Rome: On December 28, 2023, Legislative Decree No. 209/2023 regarding the Italian reform of international taxation (the Decree) was published in Official Gazette No. 301.
The Decree was issued by the government and is part of a broader and more general framework of reform of the Italian tax system announced over the past year.
The Decree revises the criteria for determining the tax residence of individuals and companies.
The most significant impact is expected for individuals, as personal and family ties will take precedence over economic interests, and mere physical presence in Italian territory will be considered a factor in determining Italy’s taxing power.
Companies are currently considered residents if, for the majority of the tax period, they have their legal seat, effective management seat, or ordinary management primarily located in Italy. The Decree clarifies that “the effective management seat is understood as the continuous and coordinated assumption of strategic decisions concerning the company or entity as a whole. Ordinary management refers to the continuous and coordinated performance of acts related to the ongoing management of the company or entity as a whole.”
The Decree introduces a simplification regarding foreign-controlled companies, with the aim of aligning the taxation of such entities with the global minimum taxation regime.
Based on the new rules, the controlled foreign companies regime applies if non-resident controlled entities are subject to an effective tax rate lower than 15%, provided that the financial statements of non-resident controlled entities are audited and certified by authorised professionals in the foreign country of location. Alternatively, and if there are audited and certified financial statements of foreign-controlled companies, the controlling entities can pay a substitute tax equal to 15% of the net accounting profit for the fiscal year.
In the case of foreign-controlled entities without audited and certified financial statements, the controlling entities must verify that non-resident controlled entities are subject to an effective tax rate lower than half of what they would be subject to if resident in Italy.
The Decree introduces a new facilitated regime for economic activities ‘transferred’ to Italy (so-called reshoring), providing for a 50% tax exemption on income derived from carrying out business and associated professional activities that were previously conducted in a non-EU country and ‘relocated’ to Italy.
The above-mentioned benefit ceases if, within the five tax periods (or ten for large enterprises) following the expiry of the facilitated regime, the beneficiary transfers, even partially, the activities subject to the previous transfer outside the territory of the state. In this case, the tax authorities reclaim, with interest, the taxes not paid during the facilitated regime that has lapsed.
The possibilities of eroding the tax base and transferring profits are reduced through effective minimum taxation, ensuring that major multinational groups of companies pay a minimum corporate tax rate in implementation of Directive (EU) 2022/2523, which was adopted unanimously by the member states.
The global minimum tax is based on a three-tier level of taxation:
A national minimum tax, which countries have the option to introduce based on the directive. This tax applies to multinational or national group companies and jointly controlled entities located in the territory of Italy subject to an effective tax rate lower than the minimum tax rate of 15%.

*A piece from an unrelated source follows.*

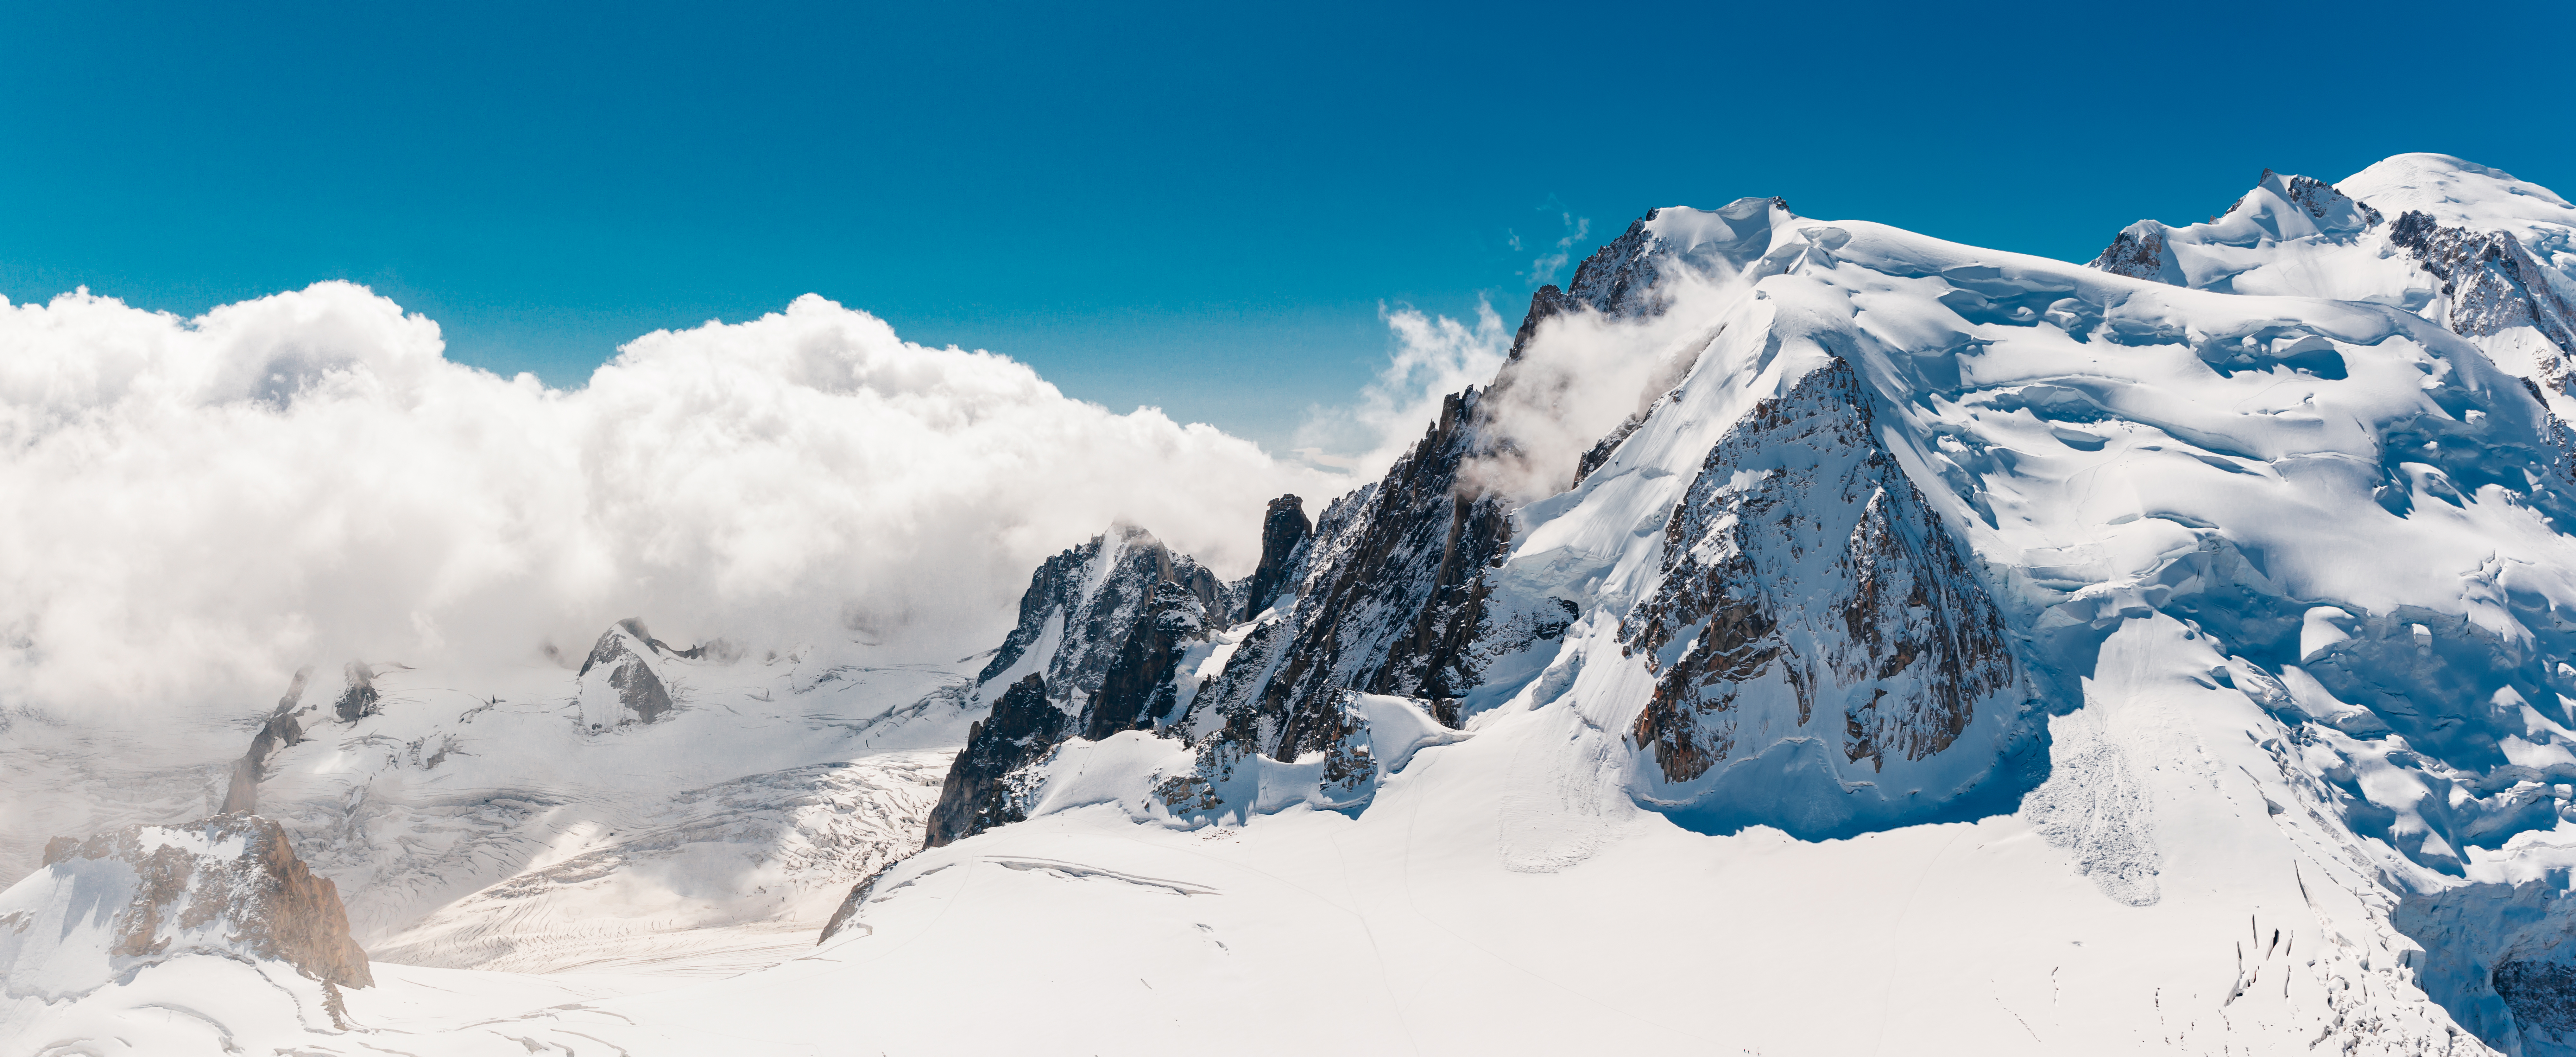 Der schneebedeckte Gipfel des Mont Blanc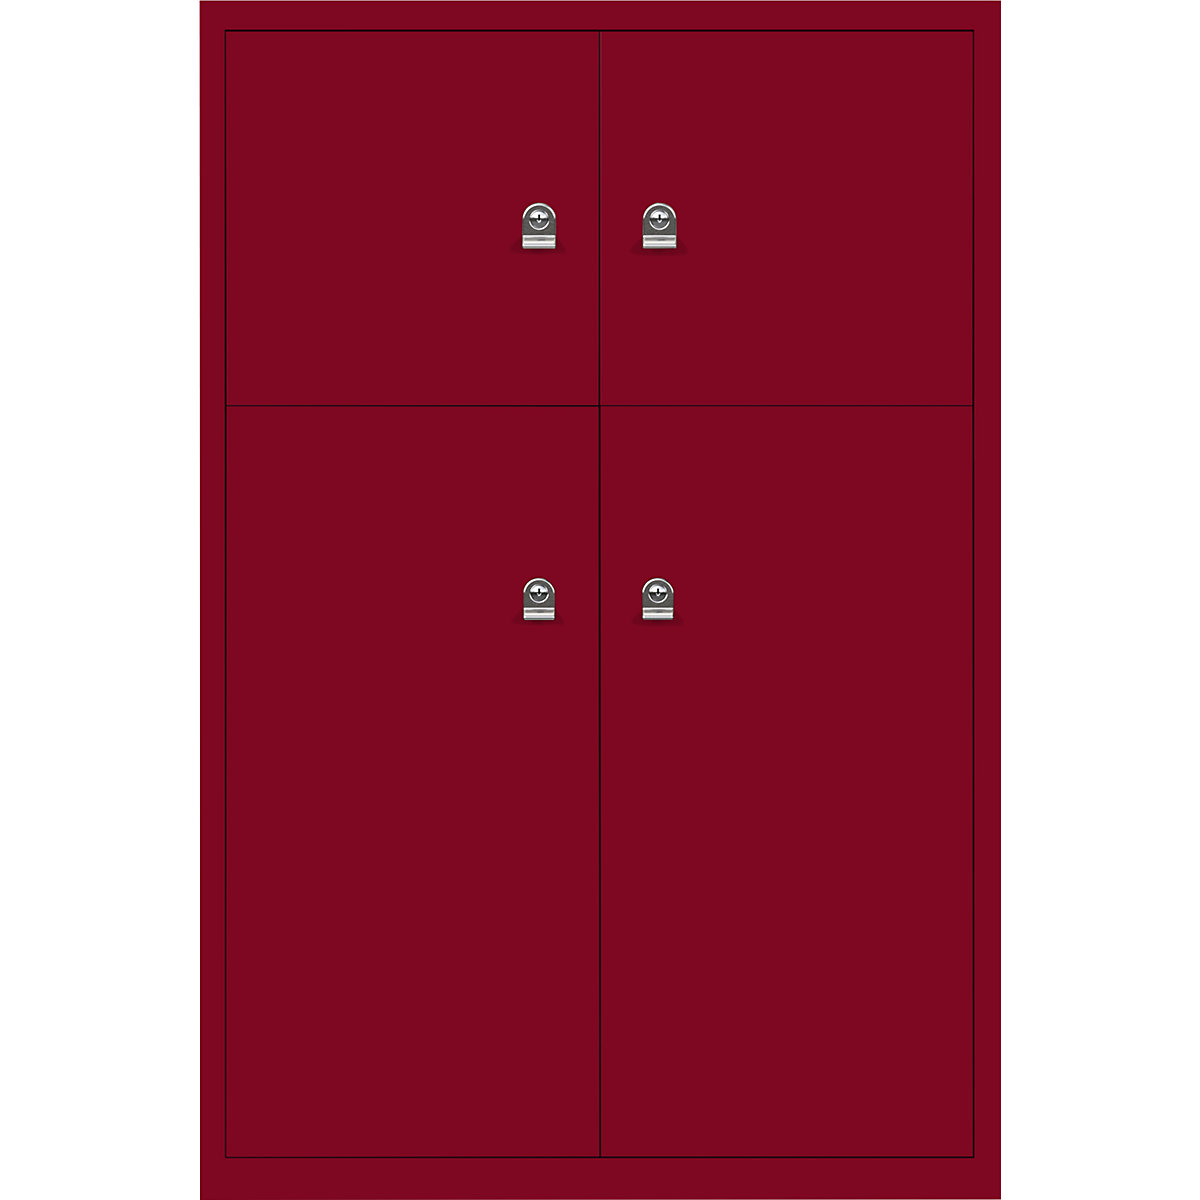 LateralFile™ Lodge – BISLEY, so 4 uzamykacími priehradkami, výška 2 x 375 mm, 2 x 755 mm, kardinálska červená-25

An additional minimum tax (AMT) to which the controlling parent company of a multinational or national group located in the territory of Italy is subject if, in a given fiscal year, it is subject to an effective taxation lower than 15% or has held, at any time during the fiscal year, direct or indirect interests in low-tax companies located in another country or stateless entities.
A supplementary minimum tax to which all companies located in the territory of Italy, excluding investment entities, are jointly and severally subject if the controlling parent company is located in a third country that does not apply an equivalent additional minimum tax or is an excluded entity.
The regulations incorporate all the provisions concerning the calculation of relevant income and effective taxation to be taken into account to assess the conditions for the application of the tax and to determine its rate.
Italy has chosen to introduce a national minimum tax, which is the only tax prudently recognised for revenue effects.
The AMT will only be due from the Italian controlling entity if foreign jurisdictions where controlled companies are located do not introduce an equivalent national minimum tax.
Similarly, the supplementary minimum tax would be applicable and therefore generate revenue only under the dual condition that the country where multinational group companies are located does not introduce a qualified national minimum tax (qualified domestic minimum top-up tax) and that the country of the parent company does not apply the AMT.
The Decree replaces the old beneficial tax regime for inpatriate workers with a new inpatriate tax regime from the 2024 tax period, reducing the scope and benefits.
The regime provides for a tax exemption of 50% on income from dependent employment and similar sources, as well as income from self-employment generated in Italy by workers who transfer their tax residence to the territory of the state starting from the 2024 tax period, within the limit of €600,000, subject to certain conditions, including the high qualification of the repatriated workers.
The benefit applies in the tax period in which the transfer of tax residence to the territory of the state occurs and in the four subsequent tax periods. It is limited to Italian citizens registered in the Registry of Italians Residing Abroad and, if not named in that registry, to those who have had residence in another state under a double taxation agreement for the three-year period of stay abroad.
Workers must not have been tax residents in Italy in the three tax periods preceding the aforementioned transfer, but they must commit to being tax residents in the territory of the state for at least five years.